How to build muscle and lose fat at the same time...

With very few exceptions, losing a lot of fat and gaining a lot of muscle at the same time is very hard to do. That's because of the opposing demands these goals impose on your body.

To build a lot of new muscle tissue, your body needs energy. In other words, you'll need to overfeed — to consume more calories than you're burning each day. To lose fat, you need to underfeed — to consume fewer calories than you burn.

If you do try to do both things at once, your progress in either direction will be so frustratingly slow that it won't be long before you feel like throwing in the towel.

It would be nice if the energy your body needs to build new muscle tissue came from stored fat. But, when your body is in a predominantly catabolic state (which it will need to be if you want to lose fat), gaining muscle is not its main priority.
Here are two studies that illustrate what I'm talking about.

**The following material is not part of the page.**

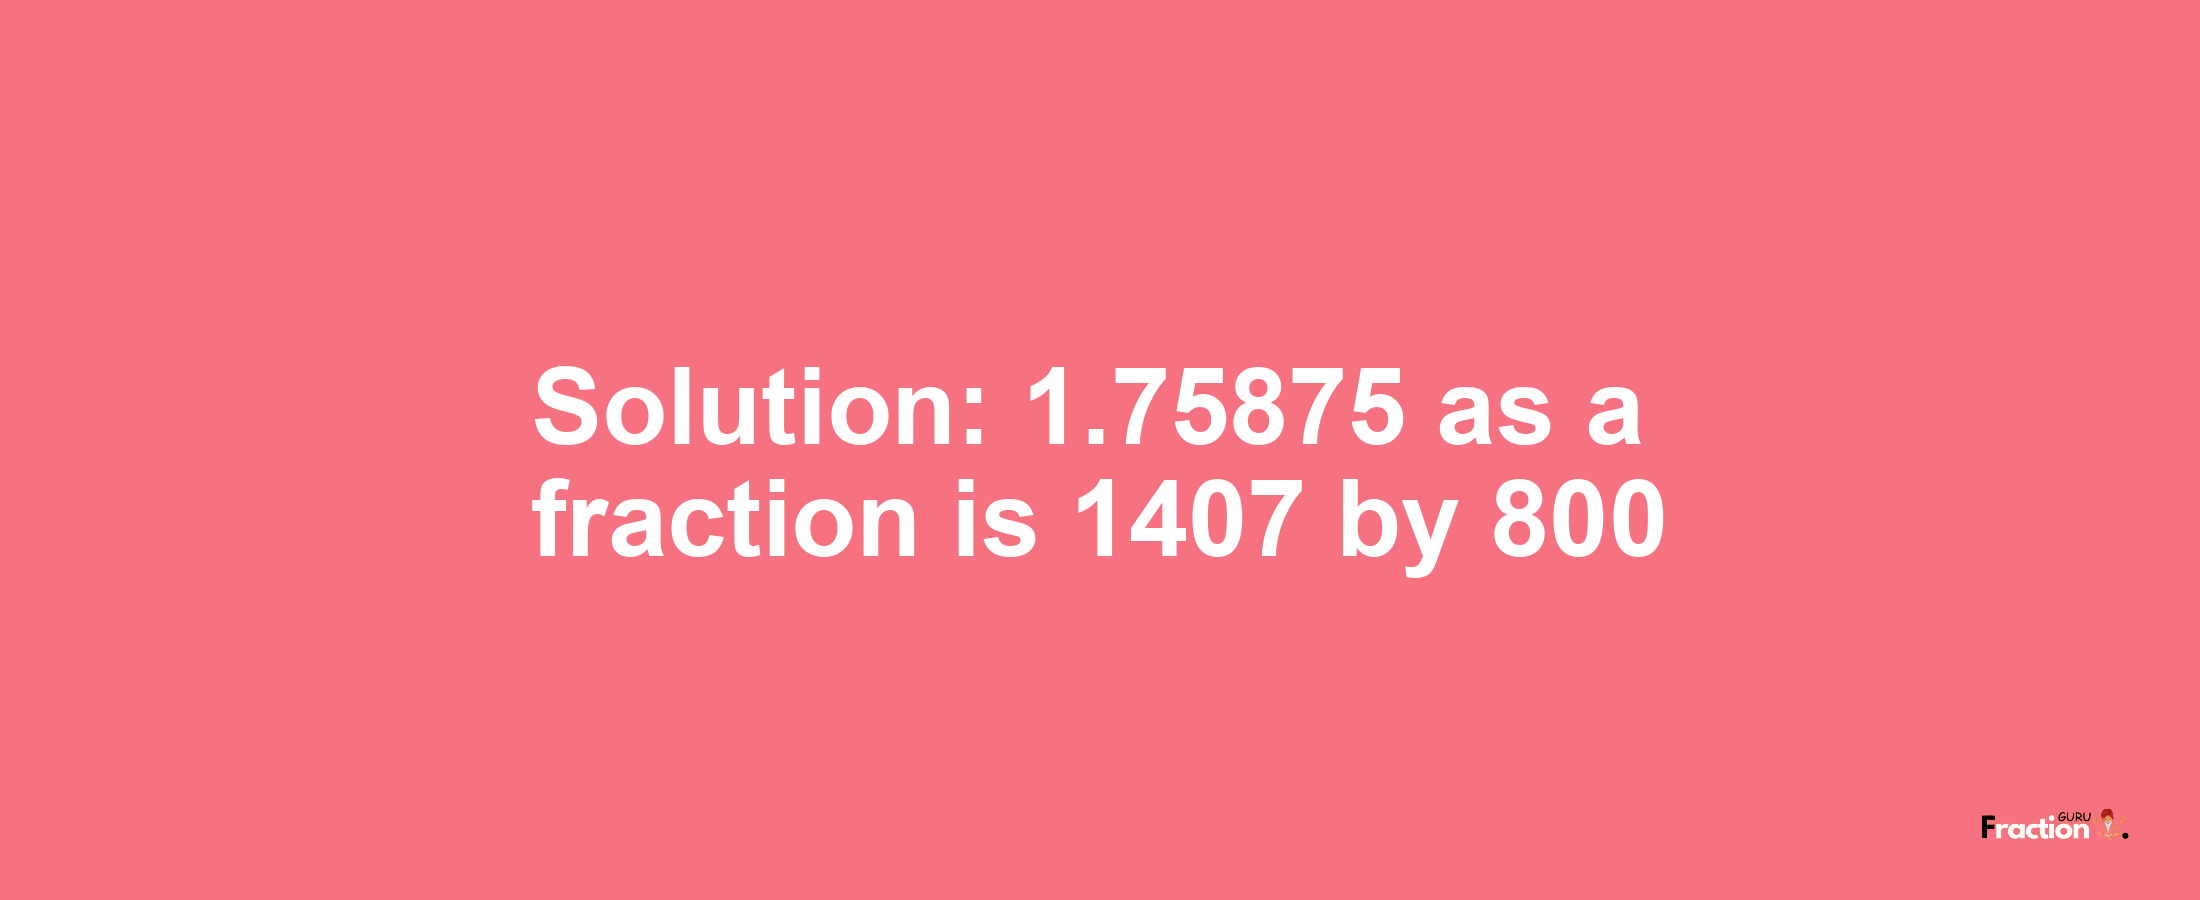 Solution:1.75875 as a fraction is 1407/800

In the first trial, researchers from California State University tracked a group of healthy men for eight weeks [3]. The men consumed an average of 4,339 calories daily, and trained with weights four days each week for 60-90 minutes. On average, the men gained six pounds of muscle and one-half pound of fat.

In study number two researchers instructed a group of men to switch from their normal diet to a low-carbohydrate diet [2]. The men also trained with weights several times each week. Total fat loss at the end of the six-week study was just over seven pounds. The men also gained just over two pounds of muscle.

Here's a summary of the results:
Overfeeding

Calories per pound of bodyweight 25.7 calories
Muscle mass + 6.4 pounds
Fat mass + 0.4 pounds
Underfeeding

Calories per pound of bodyweight 13.4 calories
Muscle mass + 2.4 pounds
Fat mass - 7.3 pounds

As you can see, both groups lost fat and gained muscle. However, overfeeding led to far greater gains in muscle than underfeeding. And underfeeding led to a greater loss of fat than overfeeding.

The men who overfed gained an average of 0.8 pounds of muscle per week. The men who underfed gained an average of 0.4 pounds of muscle per week. In other words, the group who overfed gained muscle at twice the rate of the group who underfed.

So, you can lose fat and gain muscle simultaneously. But you can't do both to a significant degree at the same time.
One exception to the rule is beginners, or more specifically, overweight beginners.

A relatively lean beginner who wants, for example, to go from 12% to 9% body fat isn't going to lose fat while they gain muscle, mainly because they don't have much fat to lose in the first place. The leaner and more muscular you get, the harder you'll find it to lose fat and build muscle simultaneously.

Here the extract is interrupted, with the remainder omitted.